Book Review: Behemoth by Scott Westerfeld

behemothBehemoth, by Scott Westerfeld, is the second book in the Leviathan Trilogy. I reviewed the first book, Leviathan back in January of this year, and the third book in the series, Goliath, will be released on September 20th, just two short weeks from now.

Behemoth picks up where Leviathan left off. Deryn Sharp is a girl acting as a boy midshipman on the airship Leviathan, a strange beast of a craft, filled with other strange beasties, like shrapnel toting bats and hydrogen sniffing dog-like creatures. The Leviathan is a war ship, smack dab in the middle of the beginnings of a war between the British Darwinists and the German Clankers. And on the Leviathan is a boy prisoner with a secret of his own. Alek is the son of the deposed Austrian Archduke, and heir to the Austrian Empire.

At the end of Leviathan, the damaged ship is drifting southeast from Austria, and heading towards the Mediterranean, where another battle is about to take place. A neutral Empire is being coerced into taking sides in the coming war, and Alek and Deryn hold keys to determining which side it joins.

I’m assuming at this point that you have already figured out that this is not a Tom Clancy thriller. This is steampunk, alternate-reality history and if you pick it up, you had better do it with an open mind. There is some crazy stuff happening in this book. The machines are massive. The world is darkened by the soot of an over-industrialized world, and man has tampered with nature in ways no one could imagine. Okay, one person has imagined: Westerfeld.

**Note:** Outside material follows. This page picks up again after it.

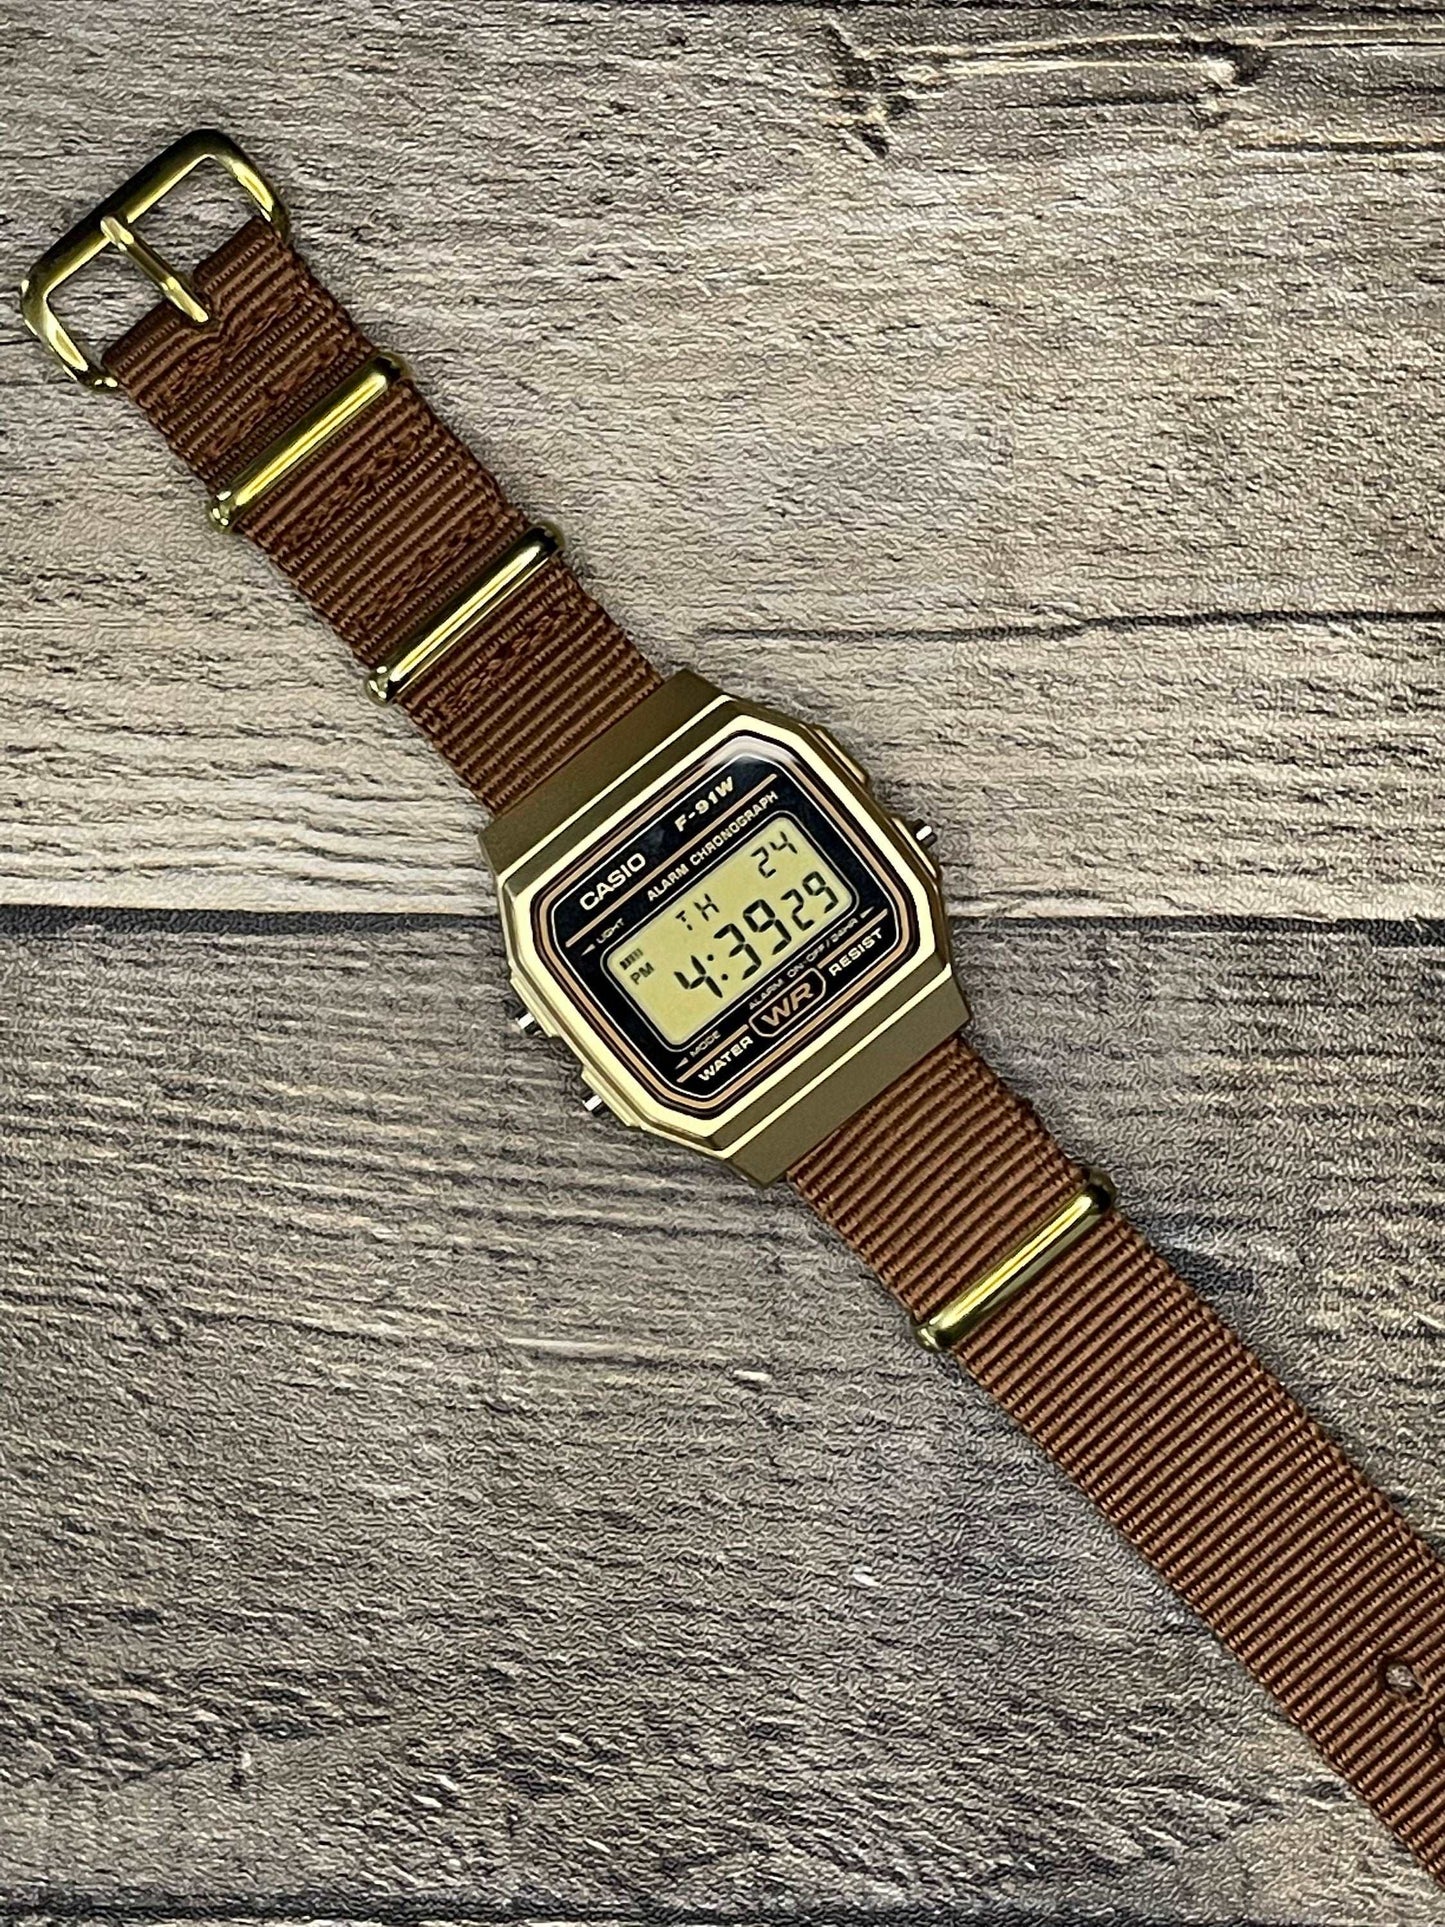 Custom Gold Casio Watch on Brown Strap

The book is boy adventure at it’s best, and for a large part of the story, I forgot that Deryn was actually a girl. The action through most of the book is fast and furious, and the plot very, very well done. Lesser authors might throw in steampunkish devices that have little to do with the plot, and call it steampunk. But Westerfeld weaves the world of the Darwinists and the Clankers in to every scene, where you can’t really imagine this world without all the strange vehicles and creatures. There were a few times where I wondered why no one saw that putting a freaking wheel on something wouldn’t be more efficient, but Westerfeld is consistent in how he builds the world, and you just begin to assume that that is the way it just has to be.

This book seems to have a faster pace than Leviathan, probably because he doesn’t have to cover quite as much backstory, and the characters are already in conflict from day one.

I couldn’t help but notice a very strong similarity between this series and one of my all-time favorites, Horatio Hornblower. I would be very interested to know if Westerfeld is a fan of C.S. Forester. If you liked this series, I strongly recommend Forester’s books. They’re not steampunk in any way, shape or form, but they are adventures in the same vein, and Horatio also starts out as a middie, though in the British Navy during the Napoleonic Wars. Reading about massive ships like Leviathan makes me want to go back and re-read the Hornblower series now (as if I don’t still have enough to read.)

If you’re a steampunk fan already, you’ve probably already pre-ordered Goliath. If you’re just getting started in the genre, pick up Leviathan and this one at the same time. You won’t be disappointed.